Par Julia Pavesi
Des rampes inclinées, aucun trottoir surélevé et des fauteuils pour aller à l'eau : à l'instar d'une centaine d'autres communes labellisées, Fort-Mahon-Plage, près de la baie de Somme, s'efforce d'aménager le front de mer pour en permettre l'accès aux personnes handicapées. Installée dans un siège pensé spécialement pour flotter et rouler dans le sable ou les galets, Corinne s'aventure dans les vagues de la Manche, aidée par son beau-fils. Mais les 20 degrés auront raison de la baignade intégrale pour cette quinquagénaire qui a du mal à marcher. "C'est pas la Méditerranée !", plaisante Fabrice, 42 ans, l'eau jusqu'aux mollets, venu de région parisienne pour la journée et plutôt content du fauteuil - assez volumineux - qu'il découvre. "Que du positif ! C'est assez facile à prendre. Ce n'est pas évident en termes de parcours, il faut avoir des bras pour tirer le fauteuil avec une personne dessus, mais sinon c'est plutôt sympa", témoigne-t-il.
Des aménagements au top
Cet équipement, prêté gratuitement par les secouristes, s'inscrit dans une démarche d'accessibilité plus globale. La station balnéaire de 1 300 habitants a revu l'urbanisme du front de mer pour améliorer l'accès à la mer : quatre rampes, parfois étroites, descendent sur le sable depuis la promenade qui surplombe l'immense étendue de sable, les personnes handicapées peuvent stationner partout gratuitement, l'esplanade a été refaite récemment pour supprimer les bordures. "Ca fait plaisir de voir les efforts faits pour 'aménagement" qui profitent aussi aux nombreuses poussettes qui vont et viennent, se réjouit Corinne, malgré ses difficultés d'élocution.
Un atout touristique
La commune fait désormais partie des 83 plages labellisées handiplage, avec trois étoiles sur quatre. Les labels Tourisme et Handicap et Pavillon bleu prennent également en compte l'accessibilité dans leurs critères. "Il y a eu un déclic avec un habitant du secteur qui est handicapé.

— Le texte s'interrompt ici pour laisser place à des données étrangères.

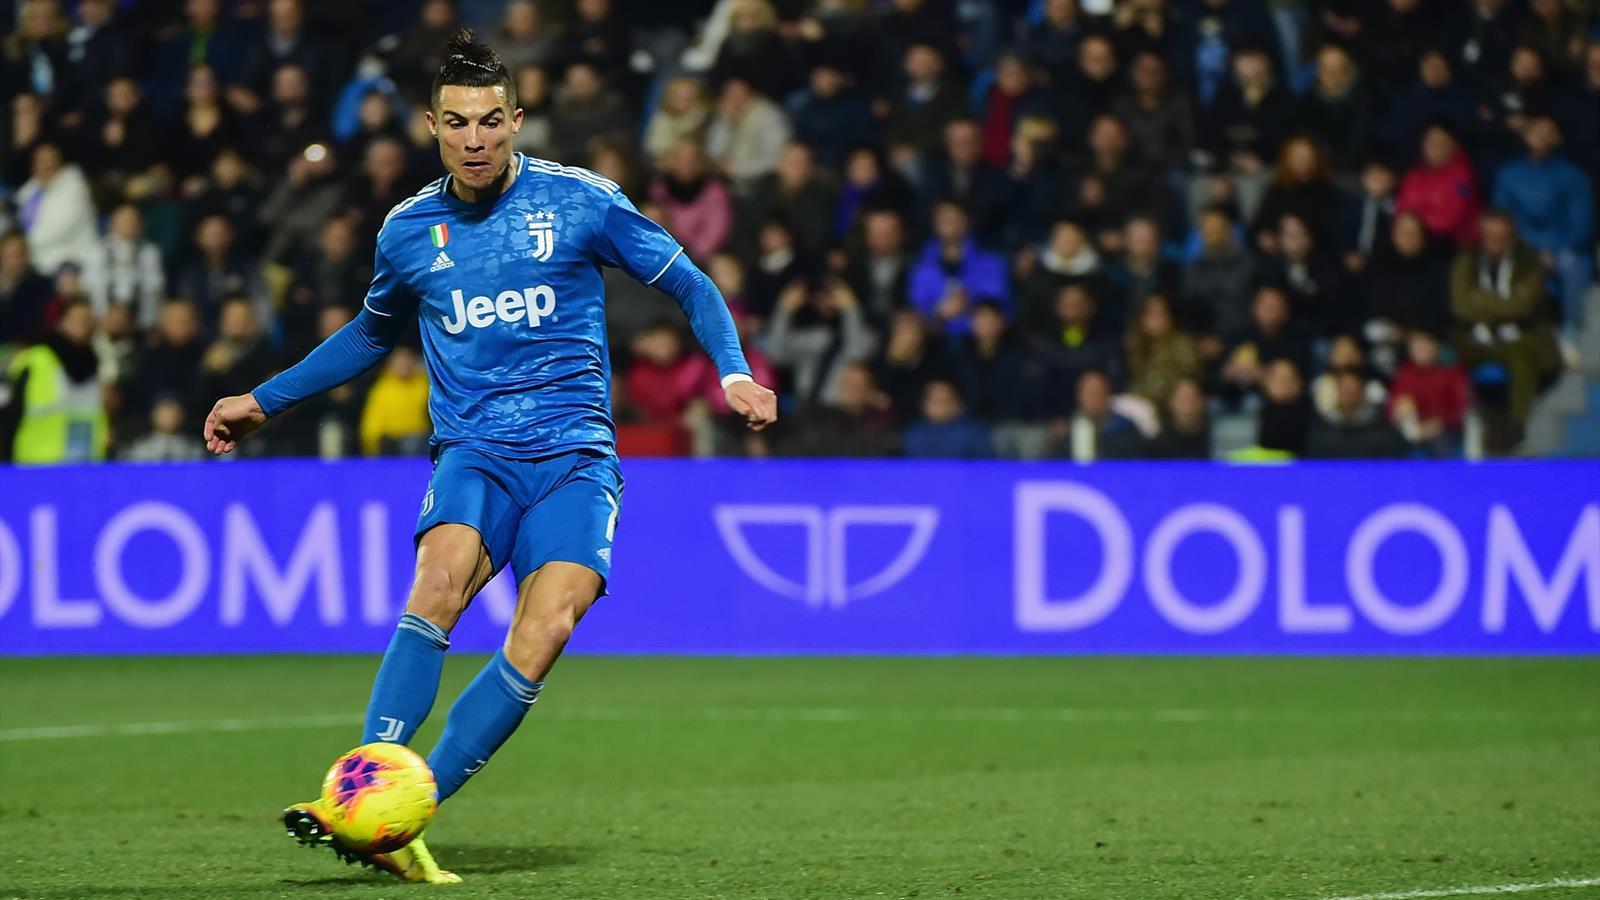 Роналду забил в 1000-м матче в карьере, в 11-й игре подряд и повторил рекорд Серии A
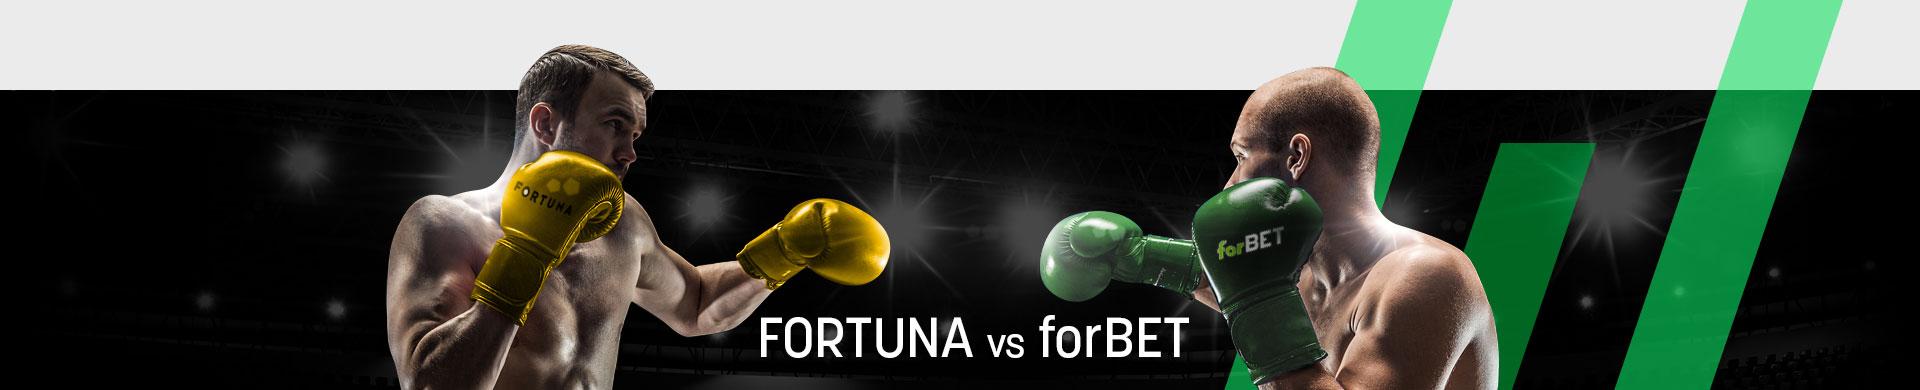 Fortuna czy forBET - porównanie

On avait acheté un tiralo (fauteuil pour aller dans l'eau) et il est venu avec nous. Quand il s'est baigné il a dit : 'Quel bonheur et quelle joie de retrouver la sensation de l'eau de mer'", raconte l'actuel maire Alain Baillet, adjoint au début des années 2000, qui en a fait aussi un "atout touristique". Si les sept tiralos n'ont servi qu'une seule fois ce jour-là, les secours affirment les sortir quotidiennement. "Certains jours, on n'en avait plus de disponibles", assure Sébastien Vaselli, chef de poste, qui veille au plus fort de l'été sur des milliers de touristes. "Ici c'est bien, c'est assez plat, la marée basse permet de faire de belles balades, même si c'est rare qu'ils aillent très loin dans l'eau avec". "On ne connaissait pas ces fauteuils, mais ça pourrait être bien pour une autre sortie", anticipe Bastien Herbez, 27 ans, éducateur spécialisé encadrant un groupe de personnes âgées en fauteuil roulant qui profitent du soleil sur l'esplanade, malgré les rafales de vent.
Des efforts à faire
Mais des efforts restent à faire : certains regrettent le manque de places de parking réservées et une grande bande de béton sur le sable qui mènerait jusqu'à l'eau, que l'on trouve sur le littoral méditerranéen mais que les marées de la Manche détruiraient. "La loi de 2005 (sur le handicap) ne concerne pas les plages, mais quand les communes refont le littoral, en cas de rénovation, elles sont obligées de se mettre aux normes handicap", assure Ramon Espi, président de l'association qui décerne le label handiplage depuis quinze ans. "Les communes sont volontaires. Avant il fallait les sensibiliser, aujourd'hui elles viennent d'elles-mêmes ; les mentalités changent, mais ça reste laborieux." Au total, environ 250 plages sur les quelque 2 500 que compte la France seraient aménagées selon lui. Et rares demeurent celles équipées de système audio pour les personnes aveugles.